Problem description:
After locating the line that contains "Alex Stillson, gardien" in the data below, set down exactly that line and each one after it through the line that contains "contento africano americano", and nothing more.

Listed entries:
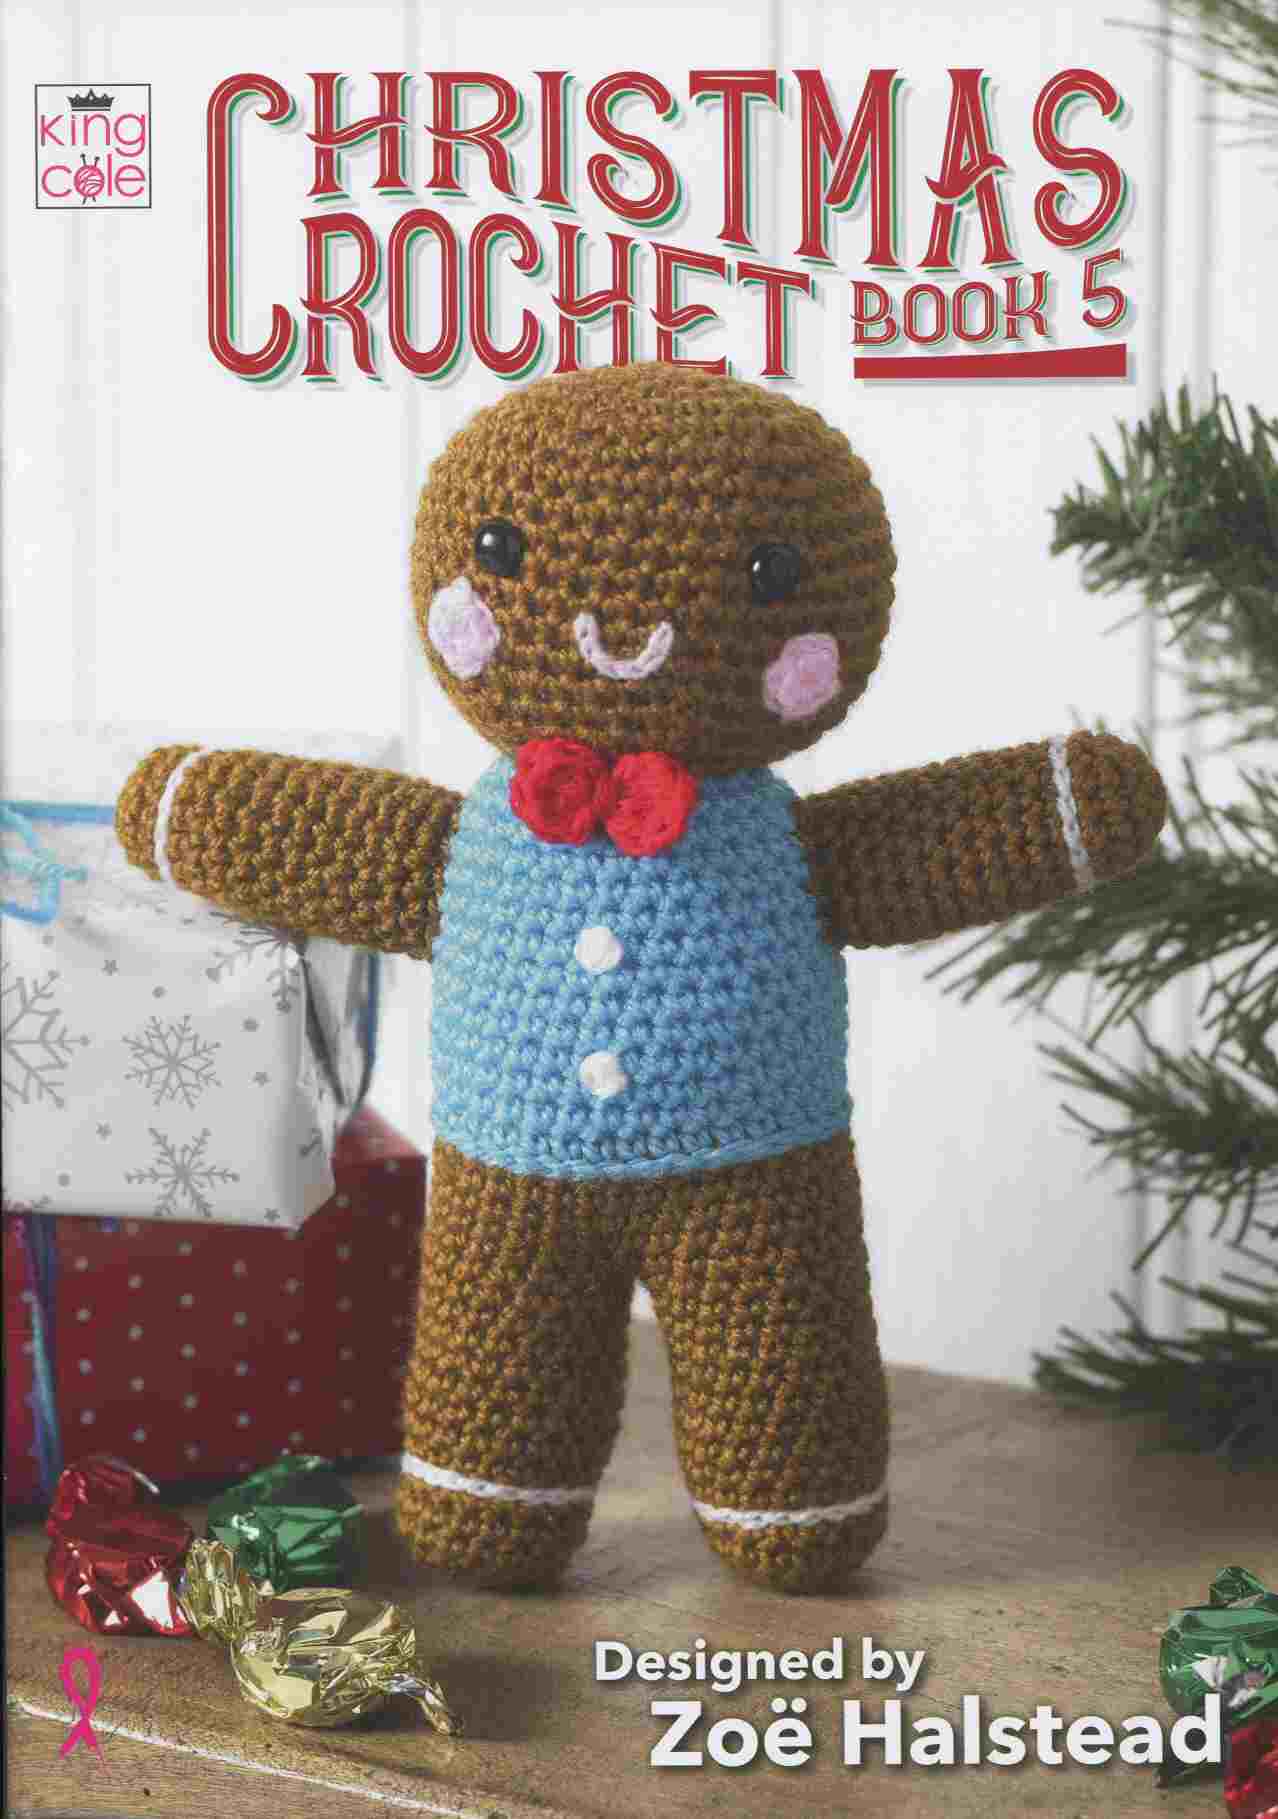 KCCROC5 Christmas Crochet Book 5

* * *

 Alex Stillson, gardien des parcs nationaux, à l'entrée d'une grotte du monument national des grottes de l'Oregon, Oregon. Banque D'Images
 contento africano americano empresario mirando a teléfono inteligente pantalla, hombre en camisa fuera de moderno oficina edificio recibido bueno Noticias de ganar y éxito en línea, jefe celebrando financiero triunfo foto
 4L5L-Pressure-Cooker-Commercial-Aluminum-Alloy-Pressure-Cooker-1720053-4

Written reply:
 Alex Stillson, gardien des parcs nationaux, à l'entrée d'une grotte du monument national des grottes de l'Oregon, Oregon. Banque D'Images
 contento africano americano empresario mirando a teléfono inteligente pantalla, hombre en camisa fuera de moderno oficina edificio recibido bueno Noticias de ganar y éxito en línea, jefe celebrando financiero triunfo foto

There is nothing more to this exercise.